Sorong Today, Sorong – Aparat Kepolisian berhasil menangkap pelaku penikaman terhadap seorang perempuan muda bernama Cristina Ewit Syufi (22) yang terjadi di kawasan Gereja Katolik Paroki Santo Bernardus Aimas, Kabupaten Sorong, pada Minggu (18/1/2026) lalu.
Penangkapan pelaku dibenarkan langsung oleh Kapolres Sorong AKBP Edwin Parsaoran saat dikonfirmasi wartawan. Ia menjelaskan bahwa pelaku berinisial MS berhasil diamankan dalam operasi gabungan yang melibatkan Satreskrim Polres Sorong dan Satreskrim Polres Maybrat.
Menurut Kapolres, penangkapan dilakukan pada Selasa (20/1/2026) sekitar pukul 03.37 WIT, berdasarkan perintah langsung Kapolres Sorong. Operasi tersebut dipimpin Kasat Reskrim Polres Sorong IPTU Erikson Sitorus.
“Tim gabungan berhasil melakukan penangkapan terhadap terduga pelaku penikaman yang mengakibatkan korban meninggal dunia,” ujar Kapolres Sorong AKBP Edwin Parsaoran saat dikonfirmasi wartawan, Selasa (20/1/2026).
Kapolres menjelaskan, kronologis penangkapan bermula dari informasi bahwa terduga pelaku melarikan diri usai melakukan aksinya dan menuju Kampung Ayata, Distrik Aifat Timur Tengah, Kabupaten Maybrat.
Petugas gabungan kemudian melakukan penyisiran di lokasi tersebut.
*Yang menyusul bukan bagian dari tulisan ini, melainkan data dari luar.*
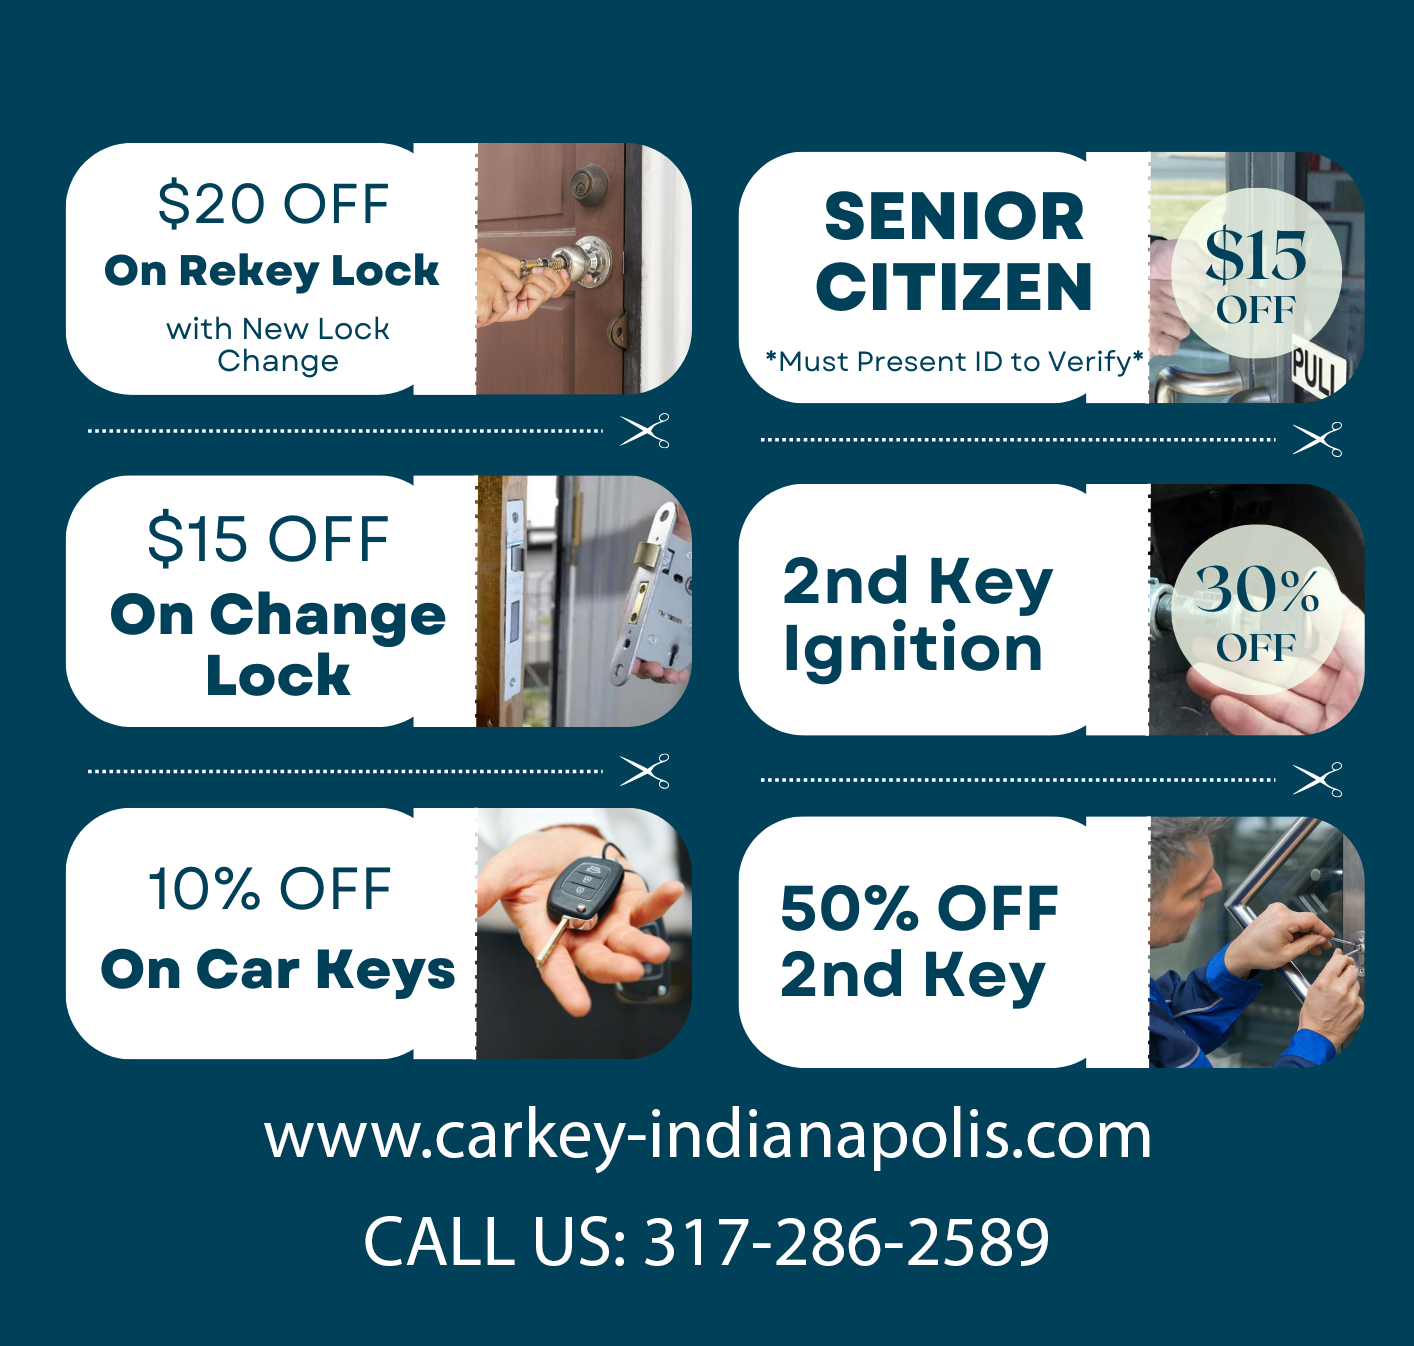 (c) Carkey-indianapolis.com

Kendati demikian, saat dilakukan pencarian, terduga pelaku tidak ditemukan.
“Setelah dilakukan penyelidikan lebih lanjut, tim mendapatkan informasi bahwa terduga pelaku berpindah lokasi dan berada di Kampung Sisir, Distrik Saifi, Kabupaten Sorong Selatan,” jelasnya.
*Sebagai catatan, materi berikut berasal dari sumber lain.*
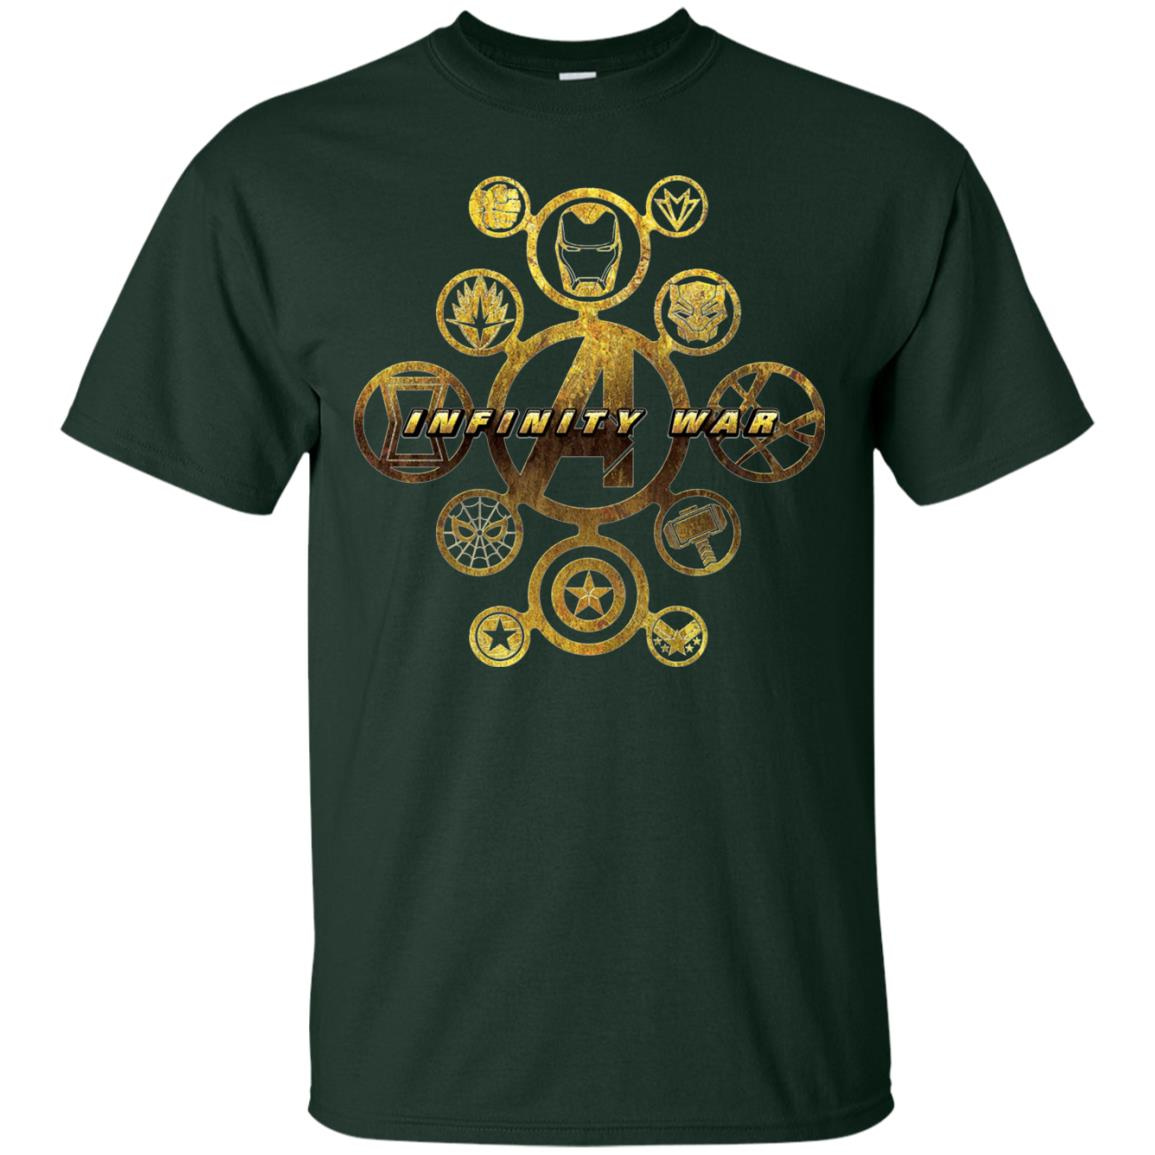 Inktee Store - Marvel Avengers Infinity War Gold Hero Icons Men’s T-Shirt Image

Mendapatkan informasi tersebut, tim gabungan langsung bergerak menuju lokasi. Setibanya di Kampung Sisir, petugas mendapati terduga pelaku sedang tertidur.
“Tanpa perlawanan, terduga pelaku berhasil diamankan dan selanjutnya dibawa ke Polres Sorong untuk menjalani pemeriksaan lebih lanjut,” tuturnya.
Saat ini, terduga pelaku telah berada dalam pengamanan pihak kepolisian dan akan diproses sesuai dengan hukum yang berlaku. Polisi masih mendalami motif di balik penikaman yang menewaskan korban.
Pada kesempatan itu, Kapolres Sorong mengimbau masyarakat untuk tetap tenang dan mempercayakan penanganan kasus tersebut kepada pihak kepolisian.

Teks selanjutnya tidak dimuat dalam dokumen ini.